Simply put, Foster studies how organizations and their employees function. She’s worked with large organizations for more than 15 years, from the U.S. military and the United Nations to power utilities and international nongovernmental organizations.

The White House released a report summarizing the SBST’s first year of projects designed to make government programs more efficient, easier to access and more user-friendly. Examples included:

  • Sending service members a single email highlighting the three steps needed to enroll in the Thrift Savings Plan (a workplace savings plan for federal employees) and conveying the potential value of making even small contributions to the plan nearly doubled the rate at which service members signed up for the plan.
  • Sending personalized letters to farmers that included a tailored set of action steps to apply for a loan, as well as contact information for the recipient’s local loan offer, increased the number of farmers who obtained a loan by 22 percent.
  • Adding a signature box at the start of a federal contracting form led to an additional $1.59M collected.
  • Emphasizing to veterans that they had earned an education and career-counseling benefit, rather than simply notifying them of their eligibility, led to a nearly 9 percent increase in veterans accessing the application for this benefit.

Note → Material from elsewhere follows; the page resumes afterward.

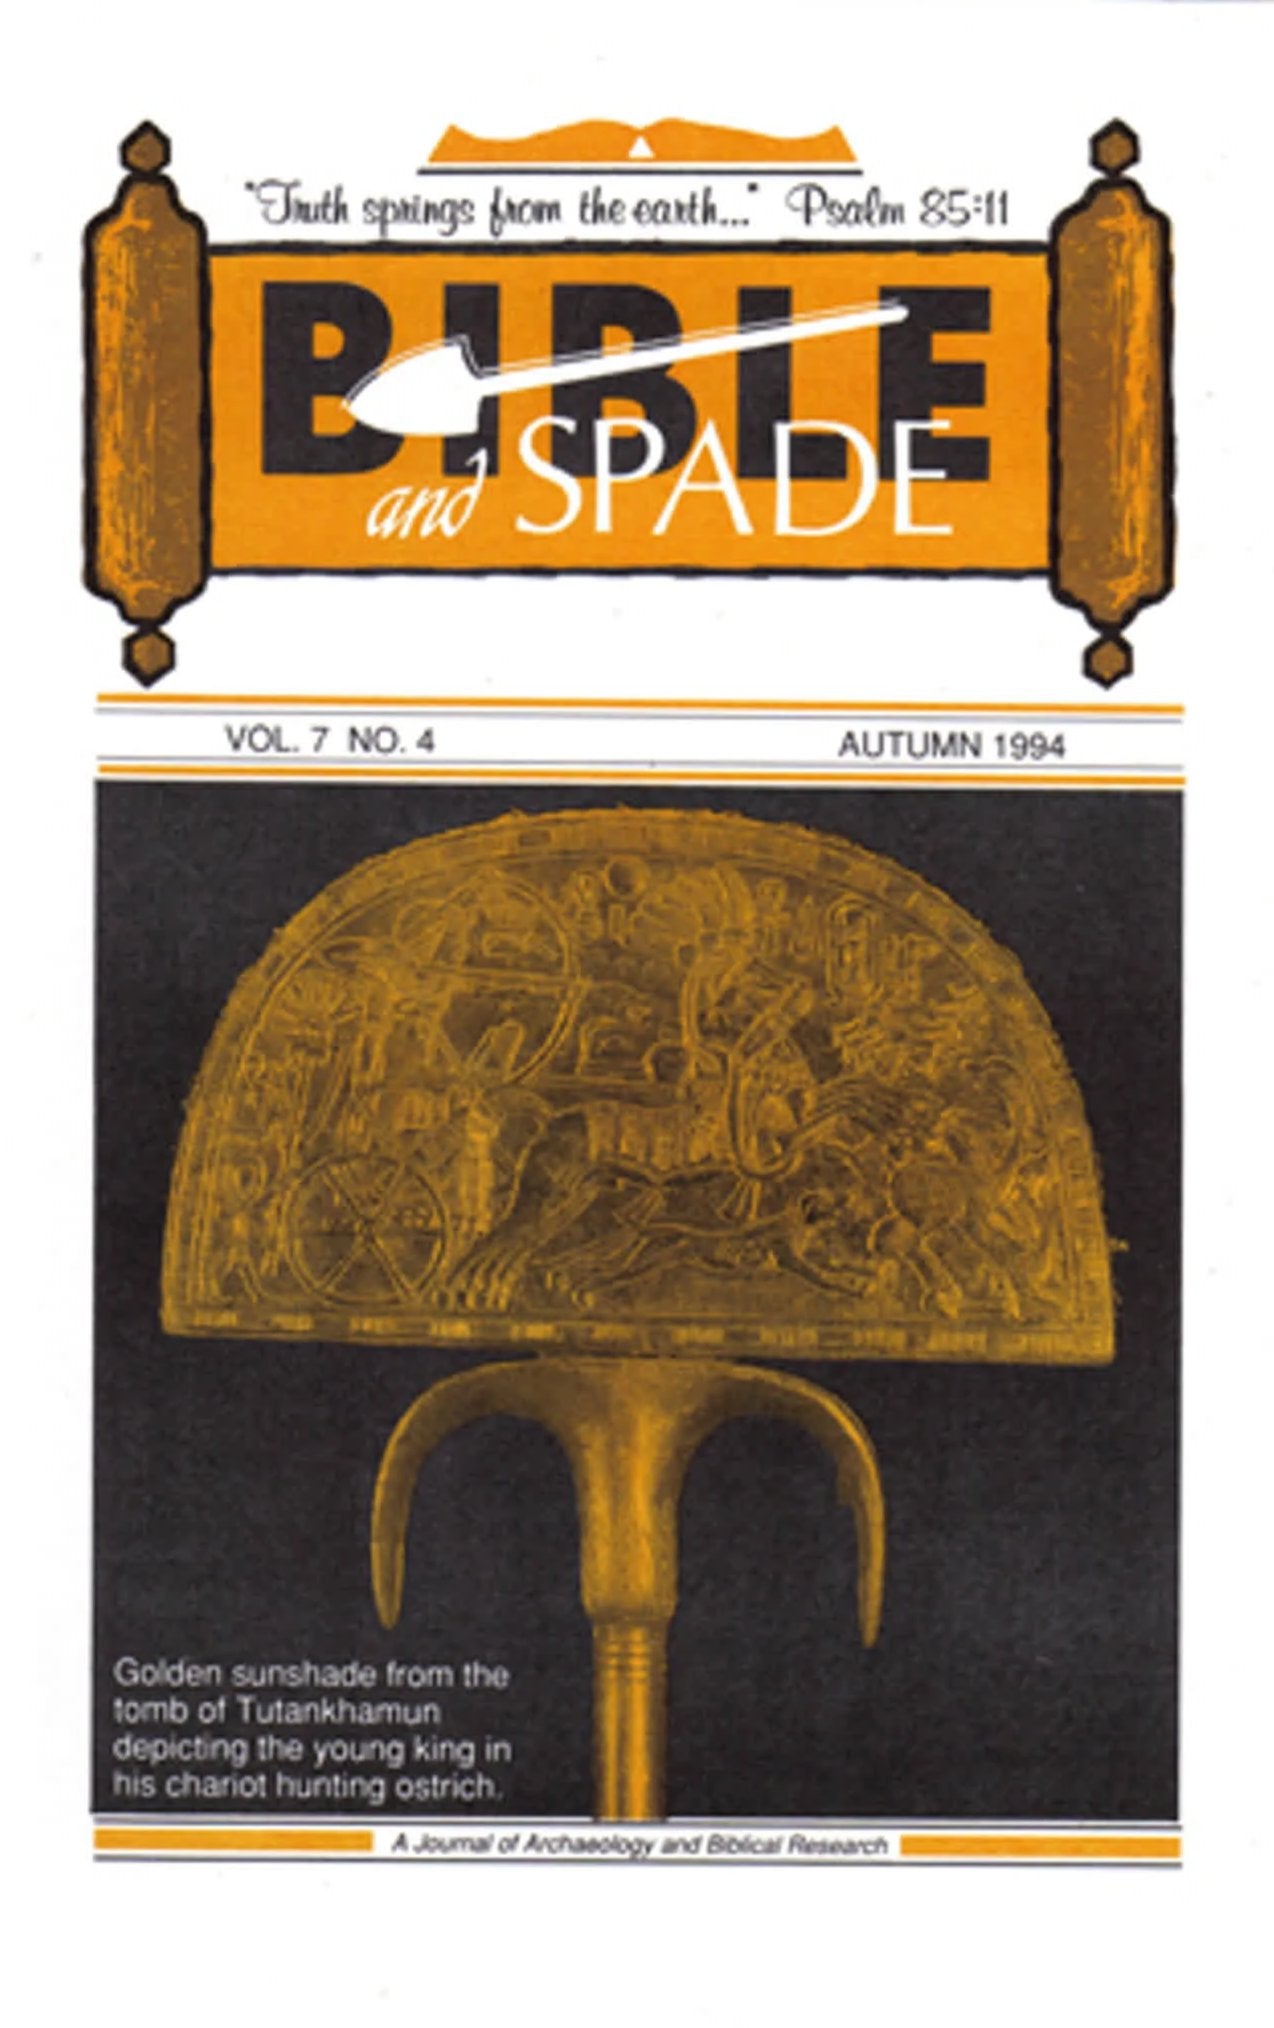 Four issues of BIBLE and SPADE produced in 1994

The SBST has since launched 20 new projects, ranging from helping children retain access to nutritionally balanced, low-cost or free lunches to providing unemployed workers with enhanced job-search support.

Foster will continue as a team member for the next year before returning to her role in the Department of Psychology at NC State.

“We are proud to have Lori Foster represent our university — and our state — and to share her expertise in ways that will improve lives across the country for years to come,” said Jeff Braden, dean of Humanities and Social Sciences. “Our college, along with NC State’s provost’s office and our Department of Psychology, all worked together so that Lori could be part of building and shaping this new federal initiative. We are so pleased to see the work of the team already bearing fruit.”


Making Government Logical

Note: Harvard professor and former Obama administration member Cass Sunstein wrote about the SBST’s work in the New York Times (“Making Government Logical,” 9/19/15). The following is excerpted from that column.

There wasn’t a lot of fanfare, but last week may turn out to be among the most consequential of President Obama’s second term. By executive order, Mr. Obama directed federal agencies to incorporate behavioral science — insights into how people actually make decisions — into their programs. …

Building on impressive new findings from the White House’s Social and Behavioral Sciences Team, Mr. Obama ordered his government to use behavioral insights to simplify forms, cut wait times, eliminate administrative hurdles and reduce regulatory burdens. A new report from the team, which has been up and running for more than a year, shows that small reforms can make a big difference. …

Improvements might be a matter of just a few percentage points — and perhaps a distraction from ambitious fiscal or regulatory reforms that could make a much bigger difference.

It’s a fair point, but incremental improvements should not be disparaged, especially if they help hundreds of thousands of people. And if the goal is to produce large-scale change, behaviorally informed approaches might accomplish more than we expect. …

When government programs aren’t working, those on the left tend to support more funding, while those on the right want to scrap them altogether. It is better to ask whether the problem is complexity and poor design. We can solve those problems — sometimes without spending a penny.